3-5.1 Summarize developments in industry and technology in South Carolina in the late nineteenth century and the twentieth century, including the rise of the textile industry, the expansion of the railroad, and the growth of the towns. (H, G, E)
It Is Essential For Students To Know
- Although agriculture remained the dominant economic activity in South Carolina, the state experienced changes in the late nineteenth century and early twentieth century due to developments in industry and technology.
- The growth of the textile industry provided jobs and an increase in economic activity. Local entrepreneurs became boosters of the idea of a New South that was based on investment in industry as well as agriculture.
- South Carolina's geography provided ideal locations for textile mills. Mills were located along fall line rivers where they could use the swift flowing water to make hydroelectric power to turn the turbines to run machinery. This also placed the mill close to the source of cotton.
- Towns were built near textile mills to provide housing, social activities, and needed goods for the textile workers.
- South Carolina also had a steady supply of workers. Farmers who could no longer make a living from the land because of falling cotton prices and depleted soil (3-5.3) moved to the towns so that they, their wives and children could find work in the mills.
- Because of segregation and discrimination (3-5.2), African Americans were not hired to work in the mills but might get jobs loading and unloading the cotton bales and finished cloth outside of the mill.
- The growth of the railroad in South Carolina improved the movement of both goods and people and so promoted economic growth. Many more miles of track were laid, especially in the upstate. Peach
- farmers were able to get their crop to market in special refrigerated cars. Textile mills were able to ship cloth out of the state to markets across the country.

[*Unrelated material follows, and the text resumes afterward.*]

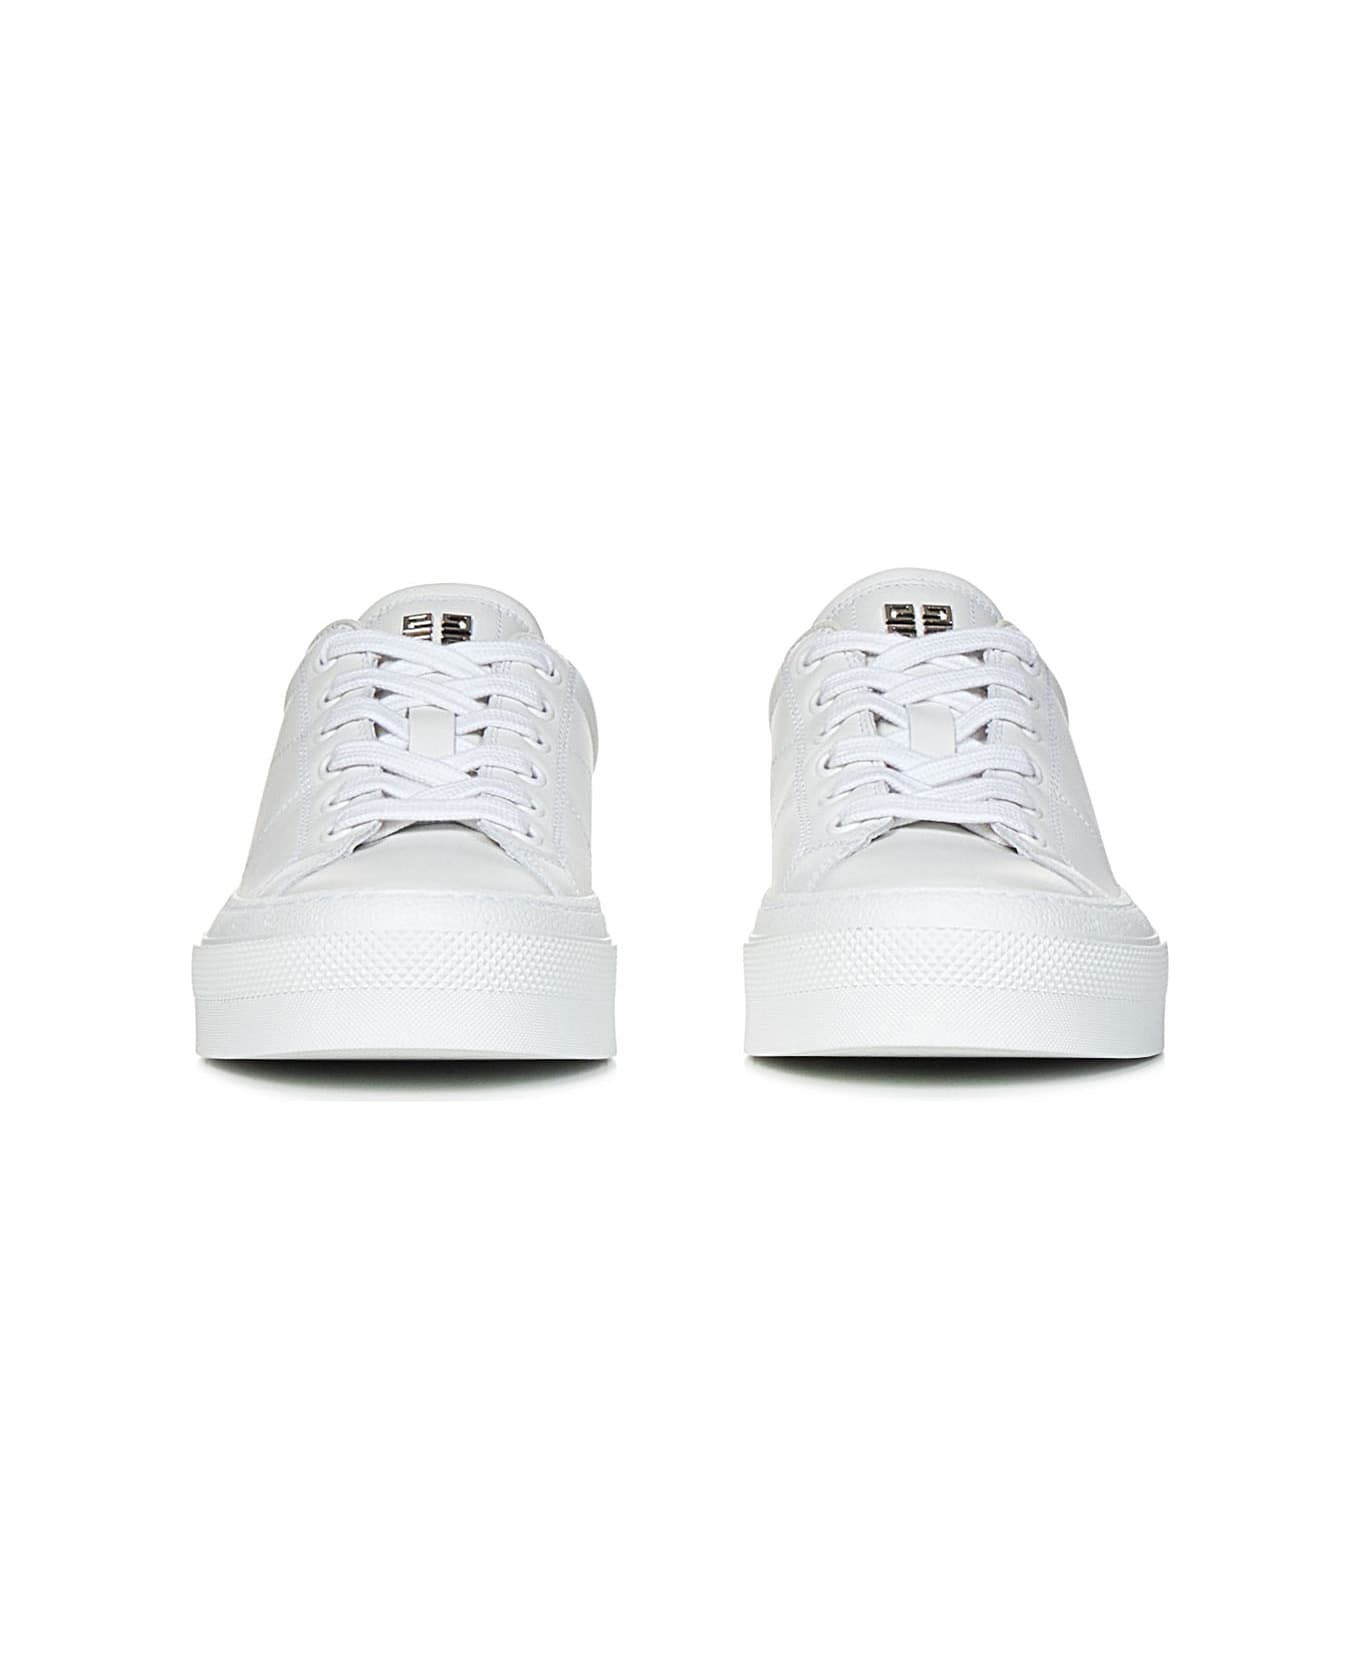 Givenchy City Sport Sneakers - white スニーカー

- Towns grew up along the railroad routes across the state.
- Streetcars also helped to expand the cities of Charleston and Columbia.
- Other technological innovations such as the telephone, electricity and the automobile had limited impact
- in South Carolina. Many people who lived in the state, especially those who lived in rural areas, were not able to get service and many others could not afford to pay for it.
- Automobiles led to an increase in paved roads in the state.
It Is Not Essential For Students to Know:
- It is not essential for students to know about working conditions in the mills or the lack of child labor laws or that inventors were attracted to South Carolina because of the lack of labor unions.
- Students do not need to know that the paternalistic attitude of some mill owners led them to control the lives of the workers who lived in the mill villages.